Es frecuente confundir el pensamiento crítico con otros tipos de razonamiento, con los que a menudo se mezcla. El pensamiento analítico descompone un problema en sus partes para entenderlo mejor; el pensamiento lógico sigue reglas formales para llegar a una conclusión válida a partir de unas premisas (si A, entonces B); y el pensamiento lateral busca soluciones creativas e inesperadas, saliéndose del camino habitual.
El pensamiento crítico, en cambio, es el que nos permite evaluar si esas premisas, esa información o esa idea son fiables antes de actuar en consecuencia. Las cuatro formas de pensar se complementan y resultan necesarias para resolver problemas de manera eficaz.
La importancia del pensamiento crítico no es solo una opinión de educadores. El marco OCDE Education 2030, lo sitúa entre las competencias fundamentales que los estudiantes necesitarán para desenvolverse en una sociedad cada vez más compleja. Sin embargo, raramente se trabaja de forma explícita en el currículo escolar: se da por sentado o se deja al azar. (Fuente: OCDE, Learning Compass 2030)
Además, el conocido Informe Delphi, coordinado por Peter Facione para la American Philosophical Association, lo identifica como una de las capacidades cognitivas con mayor influencia en el aprendizaje, la resolución de problemas y la toma de decisiones a lo largo de la vida. (Fuente: Facione, P.A., Critical Thinking: A Statement of Expert Consensus, APA, 1990)
Puede trabajarse desde los 6 años mediante actividades sencillas y adaptadas a cada etapa. A medida que el niño crece, estas pueden ir ganando profundidad y complejidad. En un entorno saturado de pantallas, publicidad y noticias de dudosa procedencia, se ha convertido en una de las habilidades más urgentes que podemos ayudar a desarrollar en casa.
Los 7 retos para activar el pensamiento crítico paso a paso
Los tres primeros retos funcionan bien a partir de los 6 años; los cuatro siguientes requieren mayor desarrollo cognitivo y dan mejor resultado a partir de los 10 años. Puedes ir probándolos uno a uno, sin prisa, e ir adaptando el lenguaje a la edad de tu hijo.
Reto 1. Detectar el error
- Objetivo: Aprender a no aceptar una información solo porque parece convincente.
- Cómo hacerlo: Muéstrale una afirmación, una imagen o un anuncio que contenga algún error, exageración o información engañosa. Puede ser un titular llamativo, una fotografía manipulada, una curiosidad falsa que circule por internet o incluso un cartel publicitario.
- Pregúntale: ¿Qué te hace sospechar? ¿Hay algo que no encaja o no es consistente? ¿Cómo podríamos comprobar si es verdad? Con los niños pequeños conviene utilizar ejemplos muy evidentes. Con los mayores ya podéis analizar noticias reales o contenidos de redes sociales.
¿Qué desarrolla?
• Observación • Detección de inconsistencias • Comprobación de evidencias.

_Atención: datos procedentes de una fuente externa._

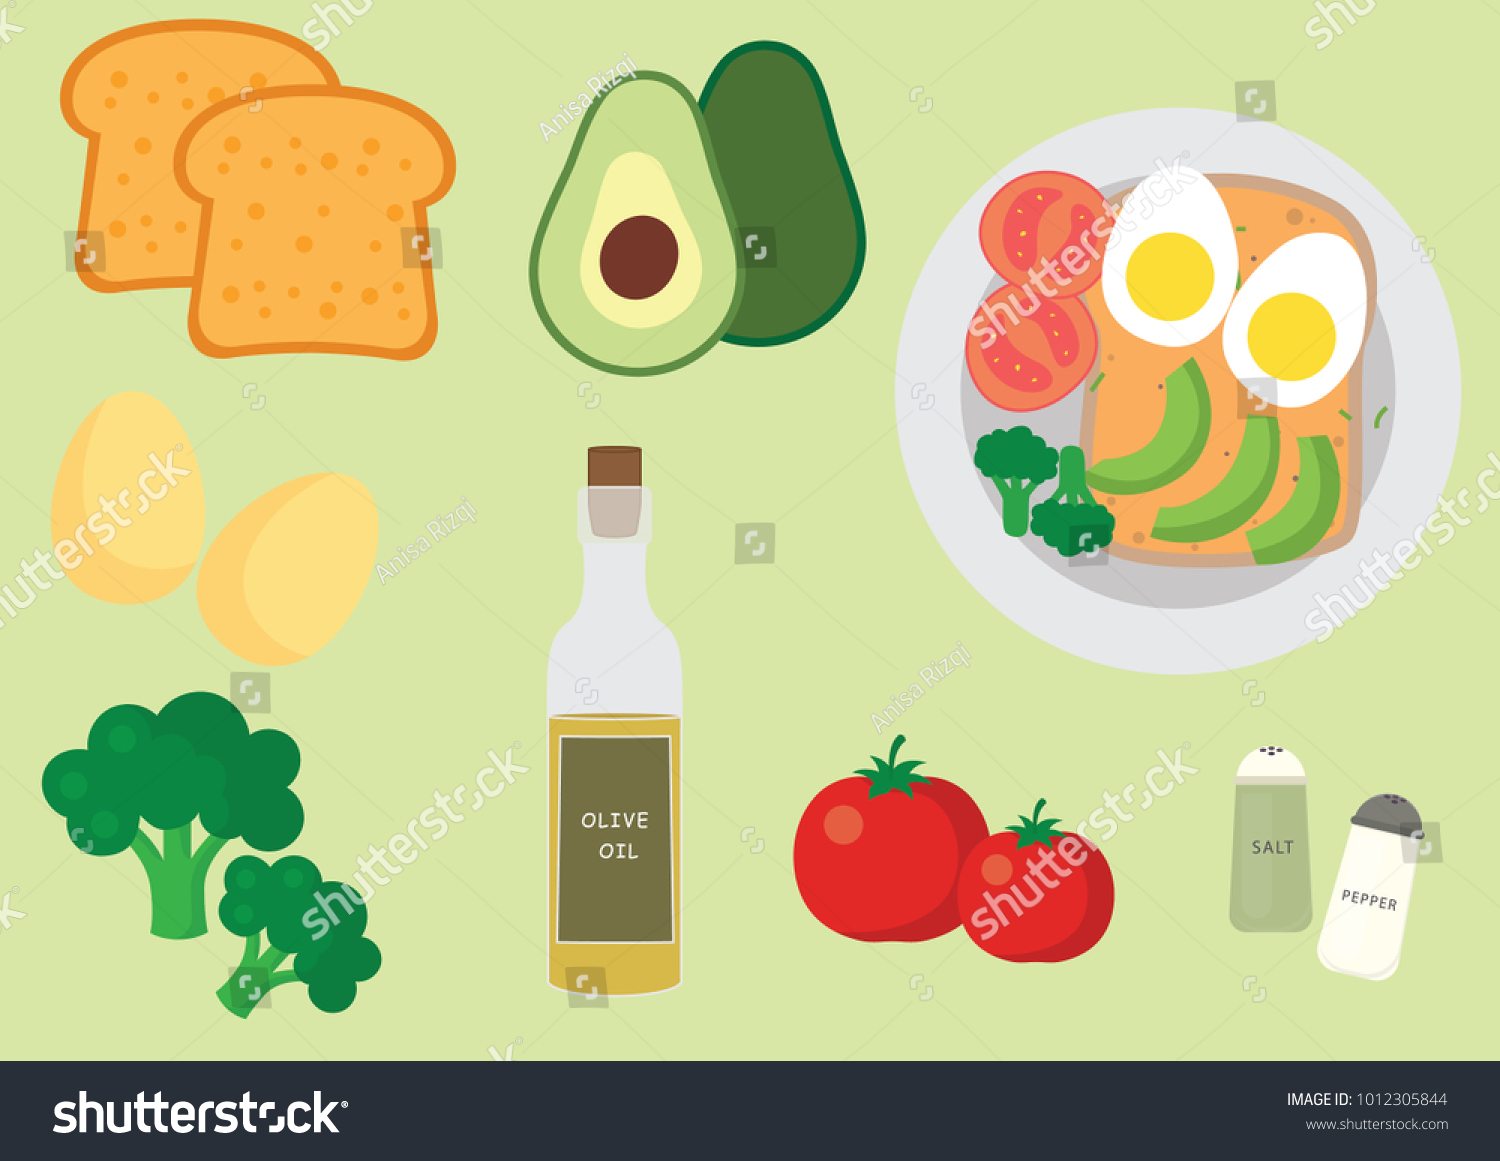 SVG of Avocado Toast with Poached Egg Recipe Vector svg

Reto 2. El debate a favor y en contra
- Objetivo: Comprender que muchas cuestiones pueden analizarse desde perspectivas diferentes.
- Cómo hacerlo: Plantea una pregunta sobre la que existan distintas opiniones.
- Por ejemplo: ¿Deberían existir los deberes? ¿Es mejor vivir en una ciudad o en un pueblo? ¿Deberían prohibirse los móviles en el colegio? Primero pídele que defienda una postura. Después invítale a defender la contraria, aunque no esté de acuerdo con ella. Solo al final podrá decidir cuál considera más convincente y explicar por qué.
¿Qué desarrolla?
• Flexibilidad mental • Empatía y capacidad de ver desde diferentes perspectivas • Capacidad de argumentar.

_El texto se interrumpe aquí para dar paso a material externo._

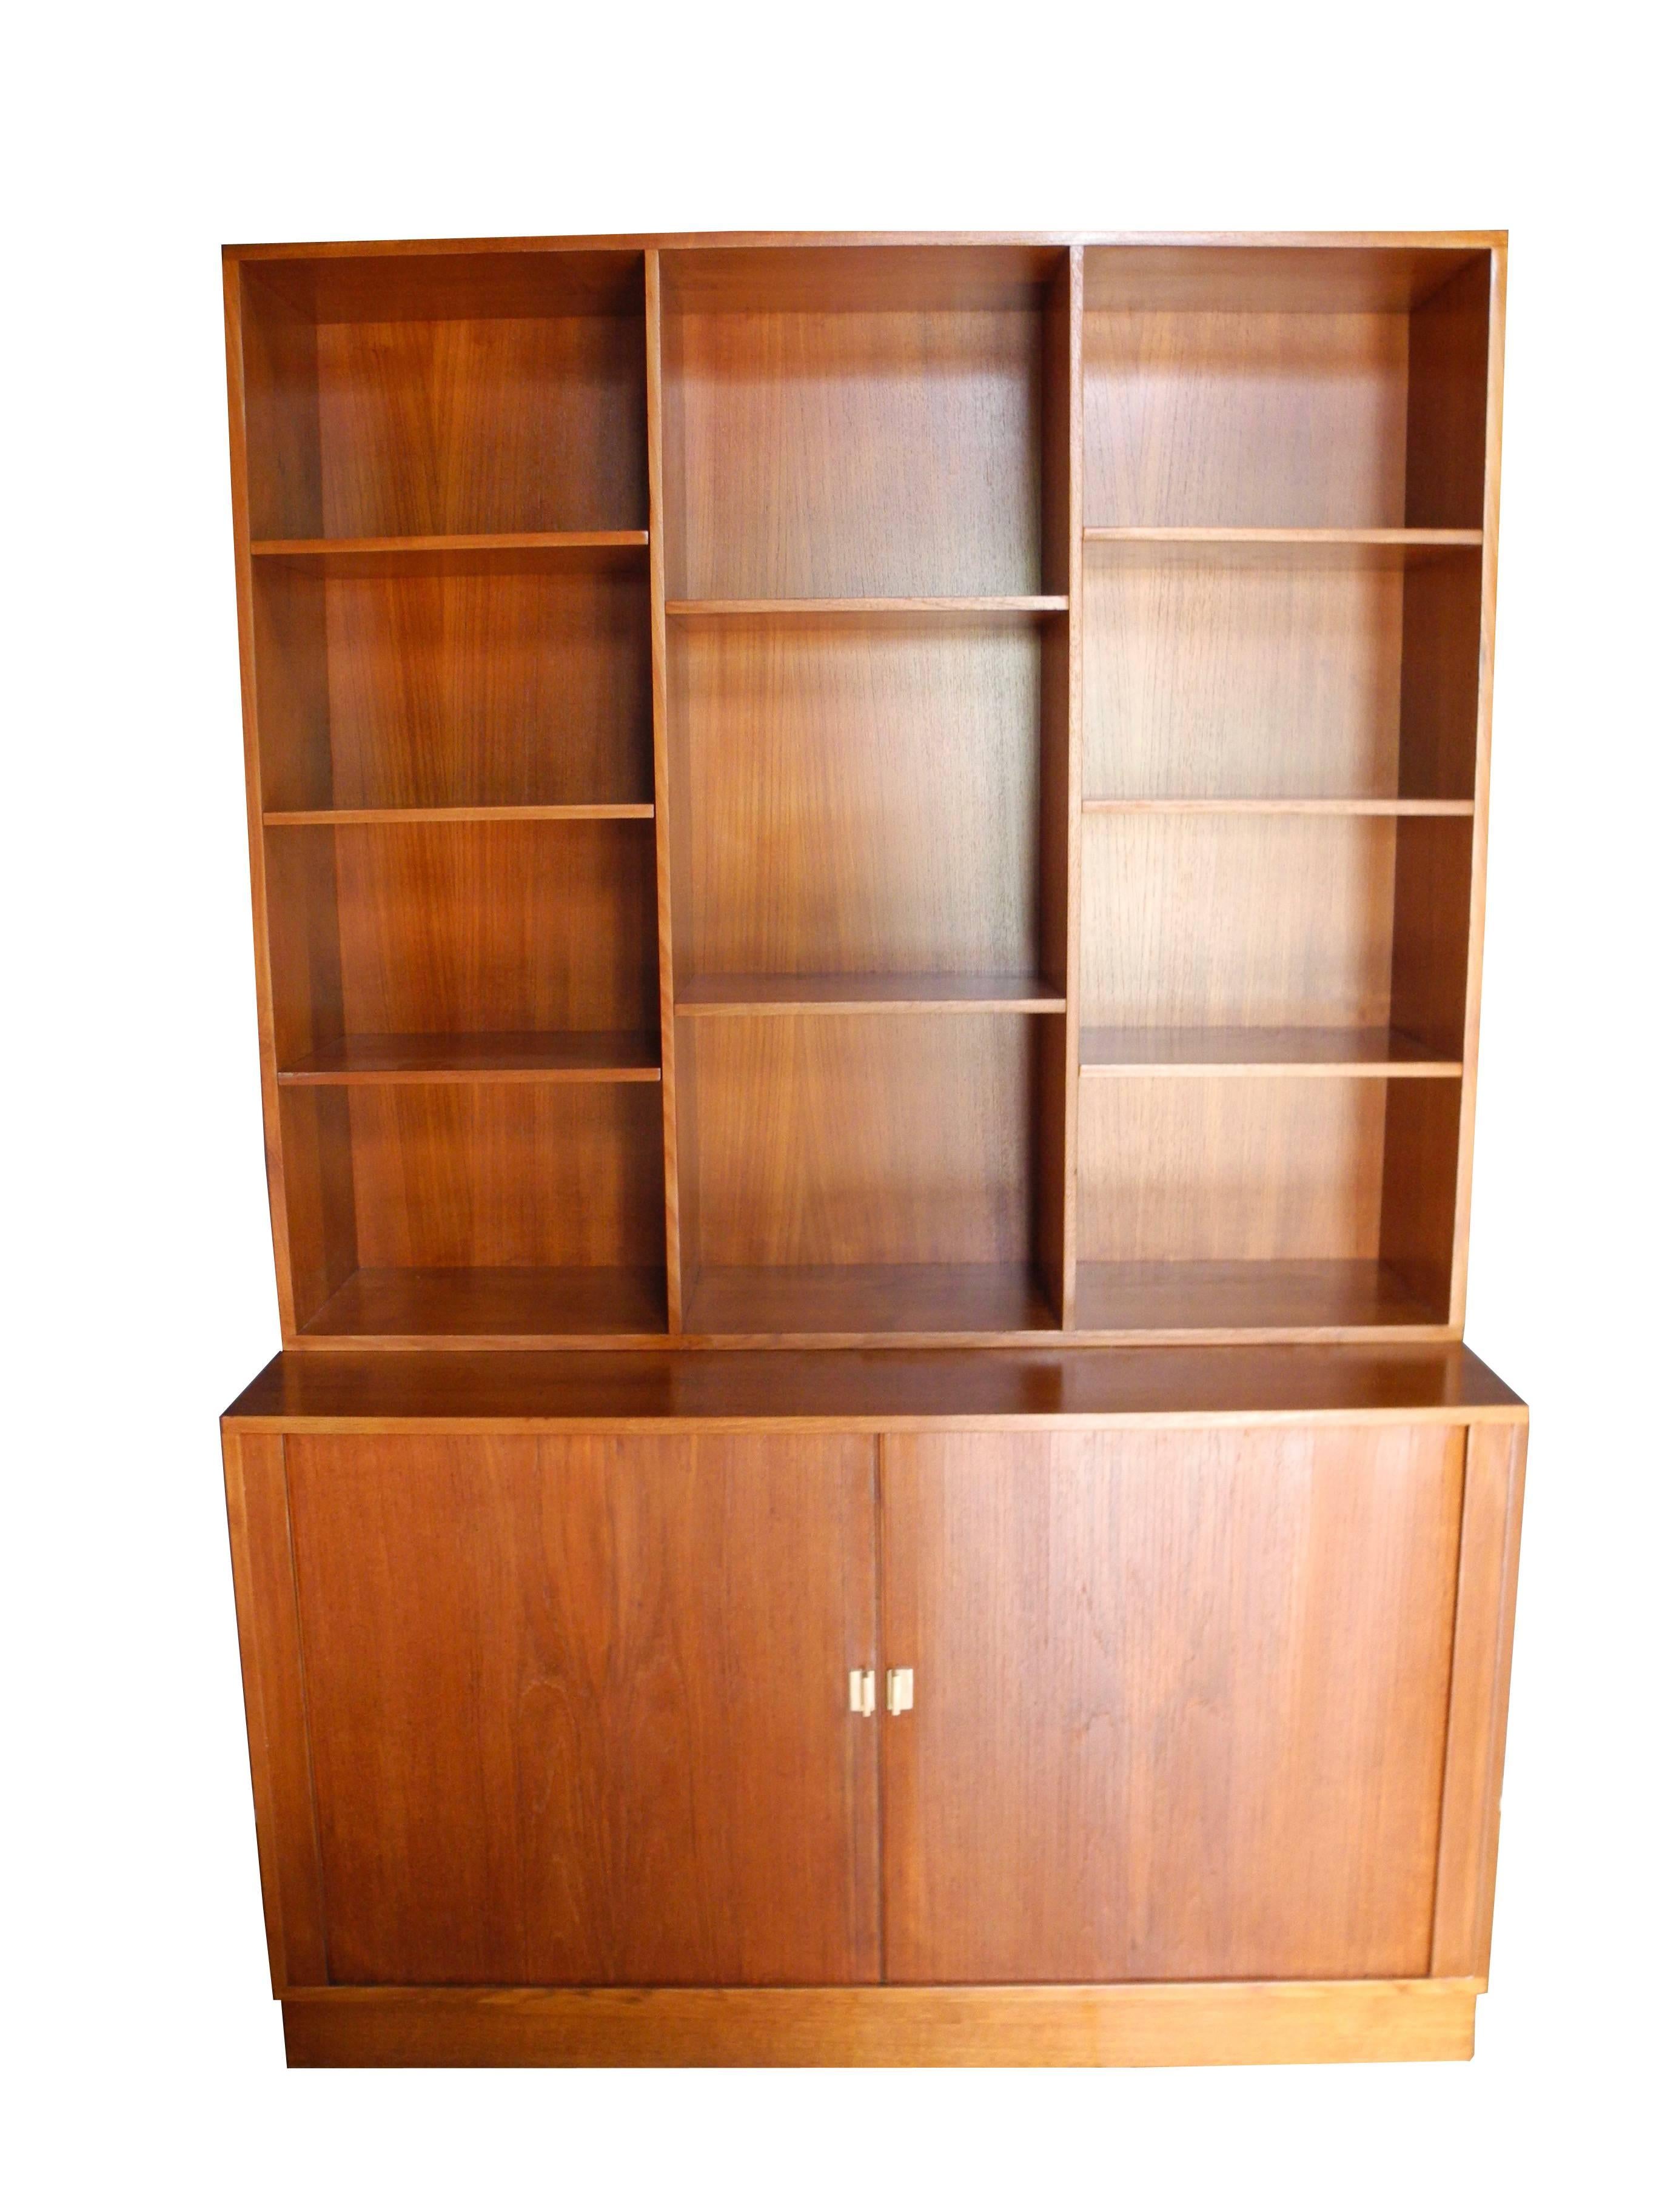 This unique and handsome Danish Modern bookshelf and lower cabinet consists of two tambour doors that wrap around the back of the cabinet when opened. The tambour door pulls are made of solid brass. Up top simply sits a teak bookshelf or display

Reto 3. Dos fuentes, una historia
- Objetivo: Aprender que una misma información puede presentarse de formas diferentes y a identificar información dudosa o falsa.
- Cómo hacerlo: elegid una noticia y buscad cómo la cuentan dos medios distintos. Comparad cuestiones como: ¿Qué datos aparecen en ambos? ¿Qué información añade uno y omite el otro? ¿Qué titular resulta más llamativo? ¿Crees que alguno intenta convencerte de algo?
- Otra variante consiste en analizar una noticia falsa para descubrir qué pistas indican que no es fiable. Es uno de los ejercicios más eficaces para desarrollar habilidades de pensamiento crítico ante la sobre información.
¿Qué desarrolla?
• Comparación de fuentes • Evaluación de la fiabilidad • Detección de sesgos.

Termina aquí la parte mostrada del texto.